Temporary Total Disability is the term for when an injured worker is completely unable to work. In my experience as an attorney handling these cases, it is not routine for doctors to put an injured worker in an off work/unable to work status – unless it is abundantly clear the person cannot work—as in they had to have emergency surgery, or some other severe situation. In my experience, even in what I would personally classify as “severe” situations, the injured worker is most often place in a “light duty status” or temporary partial disability, and given light duty restrictions, even if the light duty restrictions are incredibly severe, such as “no use of the right/left hand”, “no lifting greater than 5 pounds”, or “desk work only” [this is particularly interesting when the person works a heavy duty position].
As it’s phrased on the DWC25 form (a form the authorized physician is supposed to complete at every office visit for a workers’ compensation injury), Temporary Total Disability is phrased “The injured workers’ functional limitations and restrictions, identified in detail below, are of such severity that he/she cannot perform activities, even at a sedentary level (e.g. hospitalization, cognitive impairment, infection, contagion). In my experience, this language is so restrictive, urgent care or treating physicians almost always defer to “light duty”.

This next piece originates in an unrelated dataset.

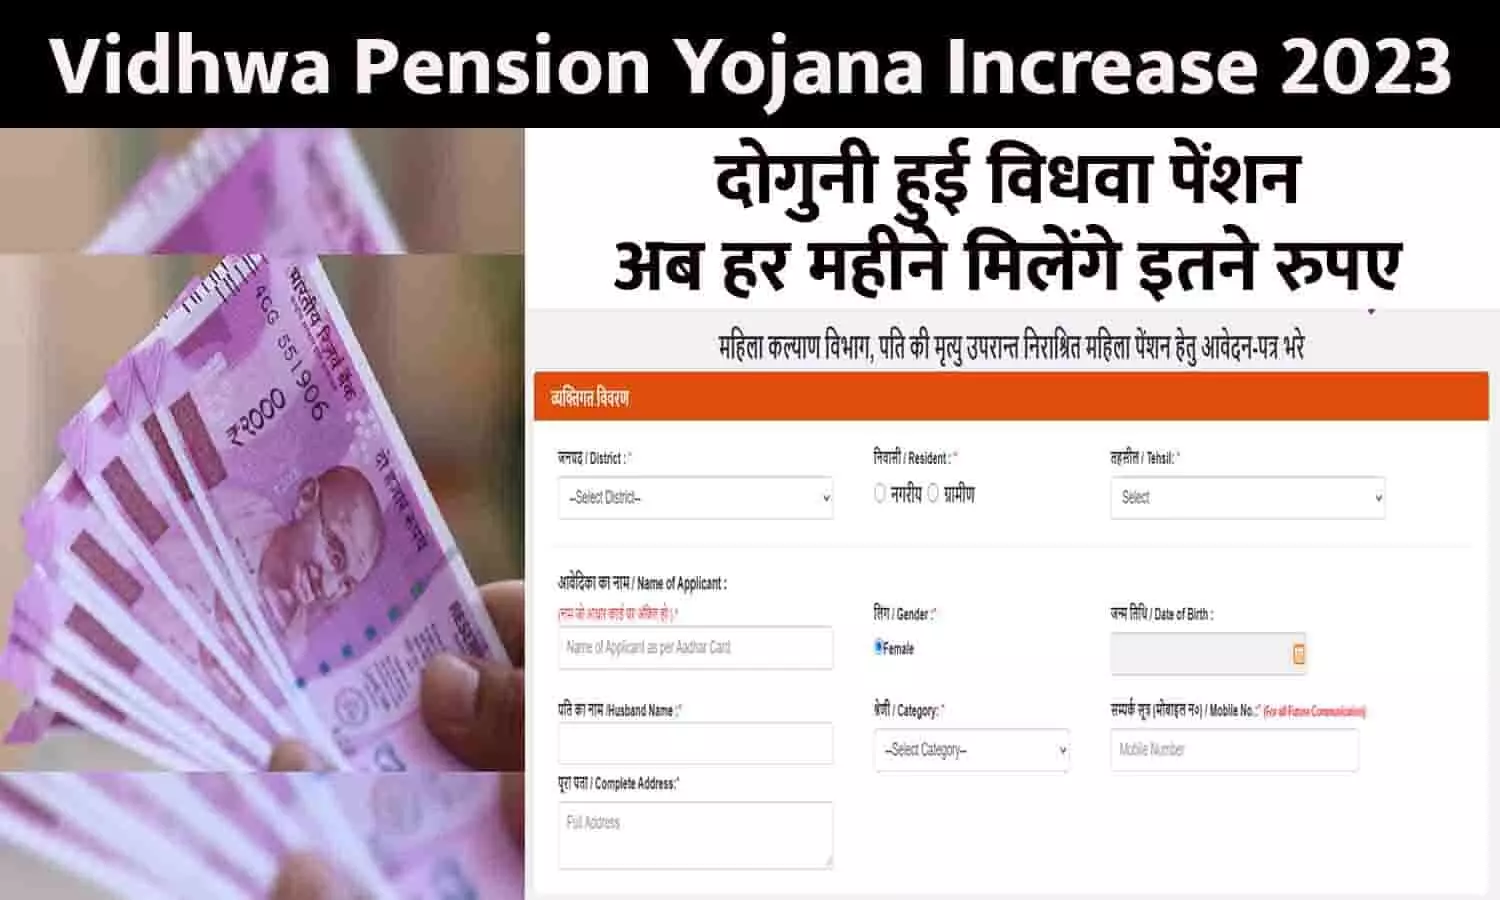 Vidhwa Pension Yojana Increase Big Alert 2023: दोगुनी हुई विधवा पेंशन, अब हर महीने मिलेंगे इतने रुपए, फटाफट ध्यान दे

According to F.S. 440.15(2), TTD benefits are payable at a rate of 66 and 2/3 of the injured worker’s average weekly wage. There is a type of “enhanced” TTD benefits, payable at a rate of 80% of the injured worker’s average weekly wage, but per the statute, that is only available when the employee has “lost an arm, leg, hand, or foot, has been rendered a paraplegic, paraparetic, quadriplegic, or quadriparetic, or has lost the sight of both eyes.”
In the case of Hillsborough County School Board v. John Kubik (Decided by First DCA in 2017), Mr. Kubik’s treating doctor placed him in a Temporary Total Disability Capacity and informed him not to work. Based on a later Expert Medical Advisor opinion, the judge denied the payment of Temporary Total Disability benefits. The First District Court of Appeal held that was error, based on the argument that the JCC should instead have relied on case law holding that an injured worker can rely on an authorized treating provider’s instruction to refrain from working, “even assuming retrospective testimony that claimant could have worked during this period.” Charles v. Suwannee Swifty, 622 So. 2d 114, 115 (Fla. 1st DCA 1993).